Another major change ongoing is the growing share of domestic flow to the market, BAL added. “If you looked 10 years ago, it could be said that for 2015, many IPOs were more dependent on foreign institutional capital entering the country… We think this massive trend of large domestic flows into the public market is secular because, compared to several other countries, domestic investors still have much lower ownership of the stock market and there is a long runway here.”

For healthcare, given that this is a very regional business, most investors’ interest is domestic.

“India has a lot of expertise, a lot of Indian entrepreneurs … If you look at the origins of some hospital groups, they don’t start with the money from the hospital. They have money, they decide to do something,” Horambi said. “So, I think the business will continue to grow.
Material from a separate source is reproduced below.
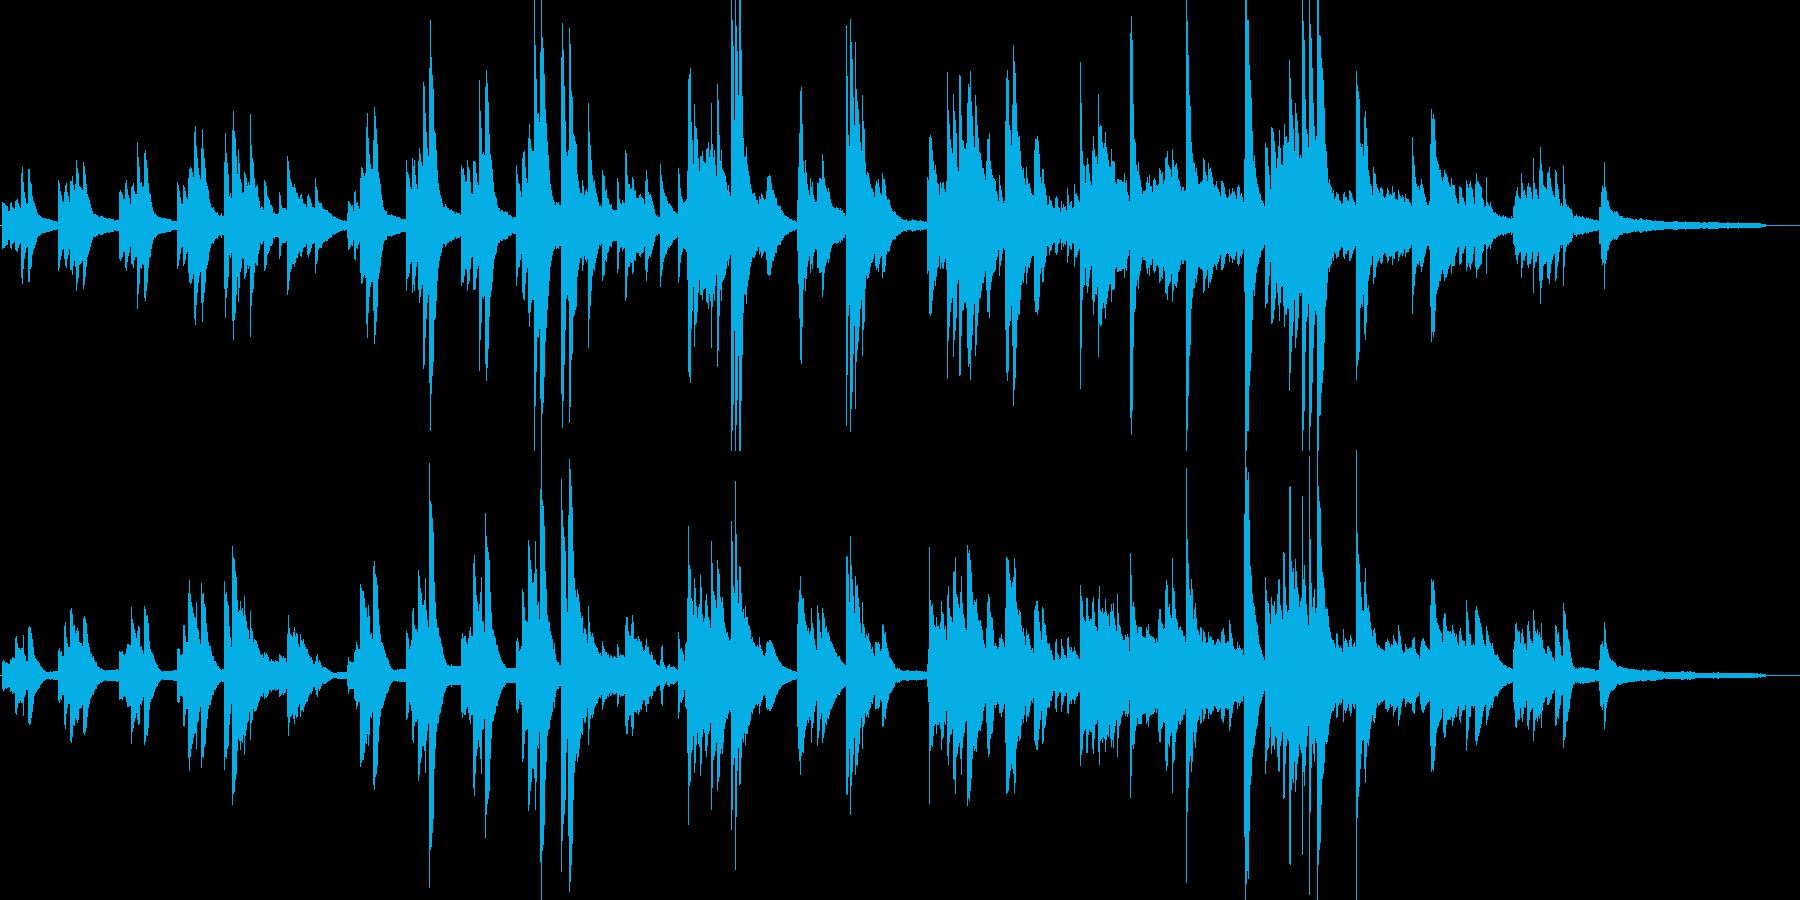 暗く怪しくサスペンス感のあるピアノ曲の再生済みの波形
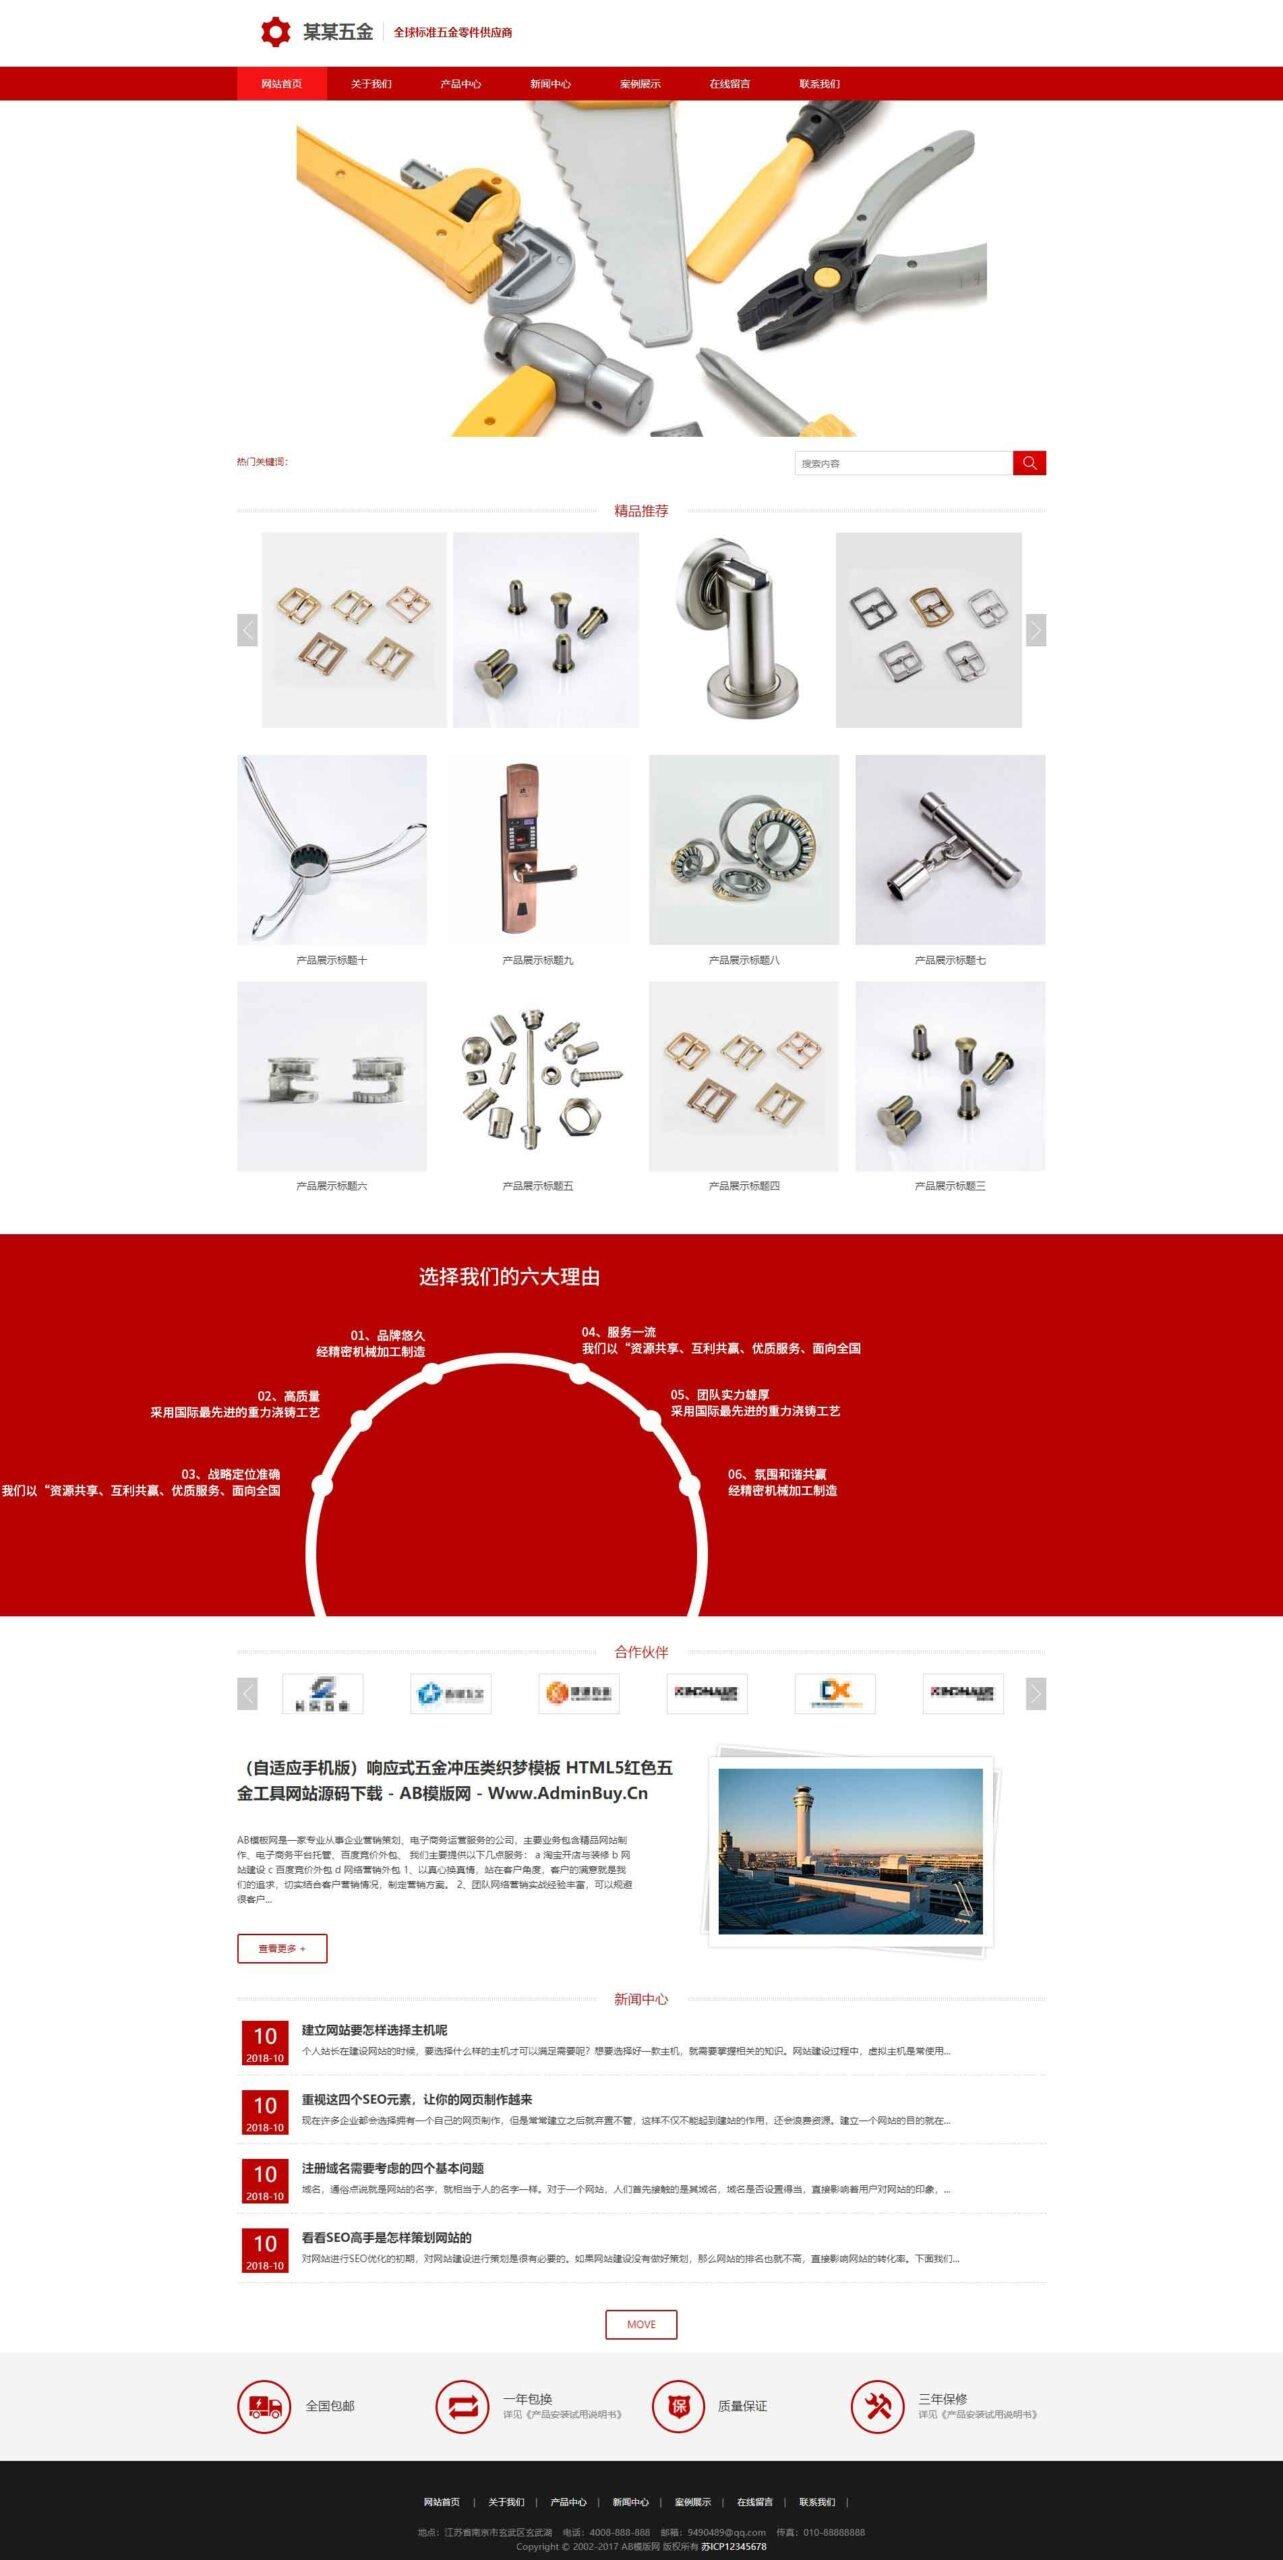 五金冲压工具企业网站织梦dede模板源码[自适应手机版]插图

I don’t really see the role of foreigners.”

Growth of Allied Services

With the merger and grouping of hospitals, alliance services such as diagnosis will also be. “I expect whatever happens in the hospital industry, the acute hospital industry, or the outpatient center,” Horambi said.

“In diagnosis, this is another industry that can only grow if there are clients, businesses that are engaged in this service,” Horambi said.

However, as services begin to become more complex, the demand for more diagnostics and more complex testing will continue to grow, leading to further growth in the diagnostic chain.

Horambi added: “Assuming that economic growth and people’s prosperity will continue to move forward, we will need greater diagnostic capabilities. There is a lot of room for growth.”